I quickly made up my mind to focus on the rocket, not the probability of a ballistic model hitting a person. That would be very variable, depending on the number of spectators, the size of the area in which they are located, and so forth. So I considered the energy possessed by a rocket coming down at terminal velocity, and how this energy compared to other non-rocketry impacts on humans. There were two obvious extremes - the case of being tackled in a football game, which seldom causes major injury, and being shot with a 0.38 caliber bullet, which is obviously very bad. I also looked at the U.S. military's lethality limit for explosive fragments, figuring they had put a lot of effort into establishing this. These numbers were fairly easy to find through Google, and here they are (I have converted the units from the obscure imperial system to metric, which is how I think - the imperial ones are in parentheses).
Lower lethality energy threshold for explosive fragments: 78.6 joules (58 foot lbs)
Energy of 0.38 caliber bullet: 163 joules (120 foot lbs)
Average energy involved in a tackle: 610 joules (450 foot lbs)
You can see that energy alone does not tell the whole story - if it did, the bullet would be much less lethal than a football tackle, which has the greatest energy of three. Obviously, there is another factor to be considered, and that involves the area over which the energy is applied. The tackle spreads out the energy over the cross-section of the human body, whereas the bullet concentrates it into a very tiny area. So let's compute a new number to characterize lethality, one in which we divide the energy by the area over which it is concentrated. Doing this for the tackle and the bullet gives
Lethality of 0.38 caliber bullet: 630,000 joules per square meter
Lethality of football tackle: 547 joules per square meter
This makes much more sense - it is over 1000 times easier to be killed by a bullet than a football tackle. So where do model rockets fit into this framework?

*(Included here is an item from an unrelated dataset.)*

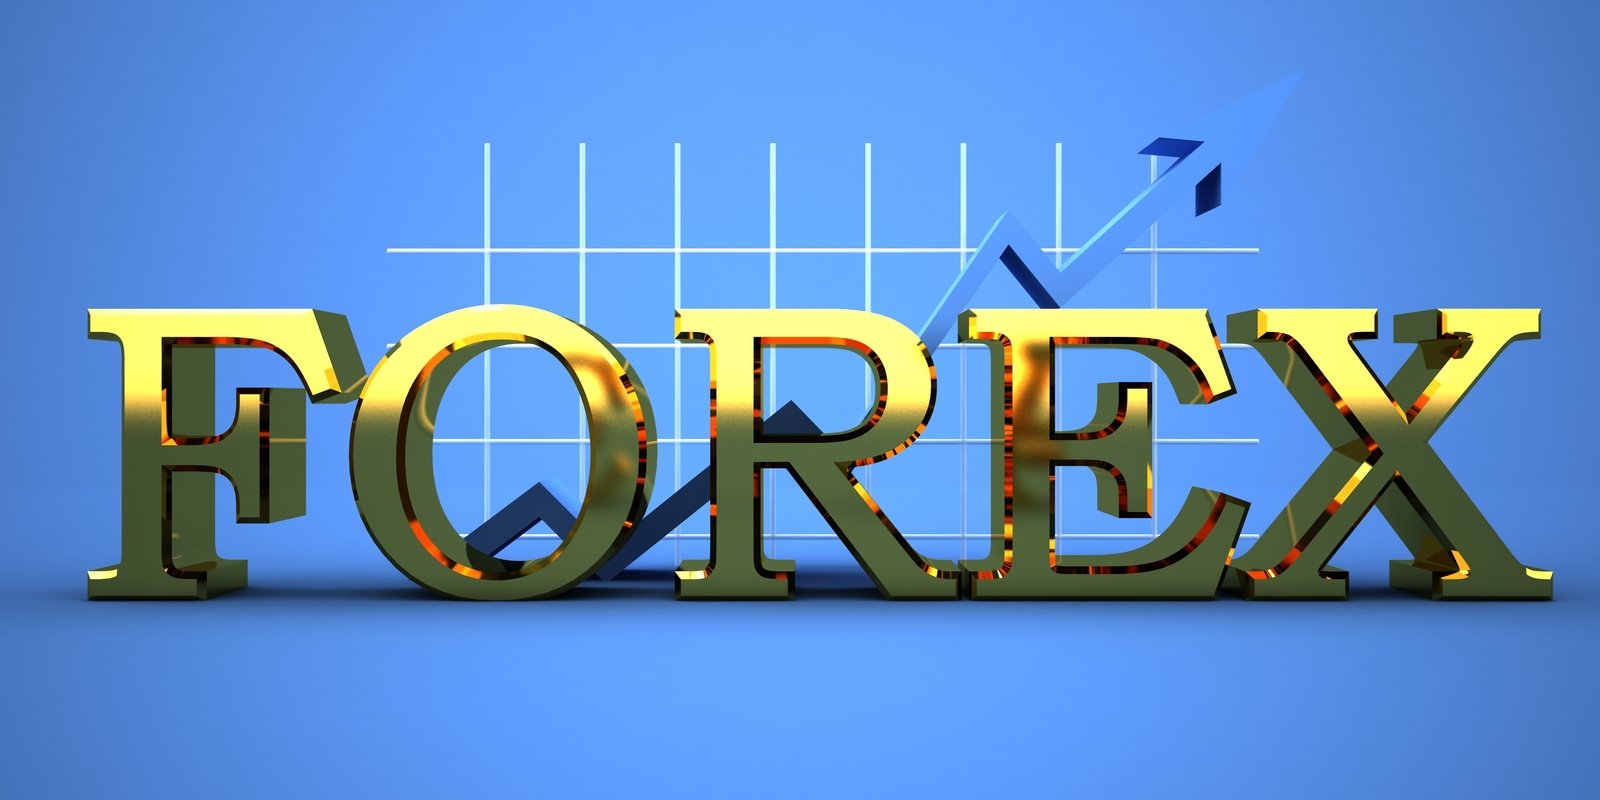 the text forex written with golden letters on a blue background

To figure that out, I used the Rocksim simulation program to generate results for 3 rockets - the Estes Alpha, Big Bertha, and the diminutive Mosquito. For maximum altitude, C6 motors were loaded into the Alpha and the Bertha, and an A10 into the Mosquito; the simulations were then set not to have an ejection charge so that the rockets would virtually crash into the ground at terminal velocity. I then used the mass of the rocket, its frontal area, and the impact speed to calculate the impact energy and lethality. Here are the results:
Estes Mosquito (A10 motor): 1893 joules per square meter
Estes Big Bertha (C6 motor): 14,500 joules per square meter
Estes Alpha (C6 motor): 25,200 joules per square meter
It was the difference between the Alpha and the Bertha that surprised me; even though the Bertha is bigger and more massive, the more streamlined Alpha had a larger terminal velocity and a smaller diameter, which accounted for its greater lethality. However, the main point is that model rockets can be dangerous if they come in ballistic, and the Alpha can have a lethality closer to that of a bullet than a football tackle, by a factor of 10 or so.
These numbers have convinced me to redouble my safety awareness at all launches, even if they involve "just" model rockets. In particular, I think there are three established practices to religiously implement:
- Angle rods away from the crowd for ALL rockets. No one can be hit if the rockets are flying in the other direction.
- Keep everyone 'heads up" whenever a model is launched, regardless of size.
- Consider restricting motors to keep the models visible throughout the flight.
Hopefully, we will never have to give our sympathies to another rocket accident victim. The world is tragic enough.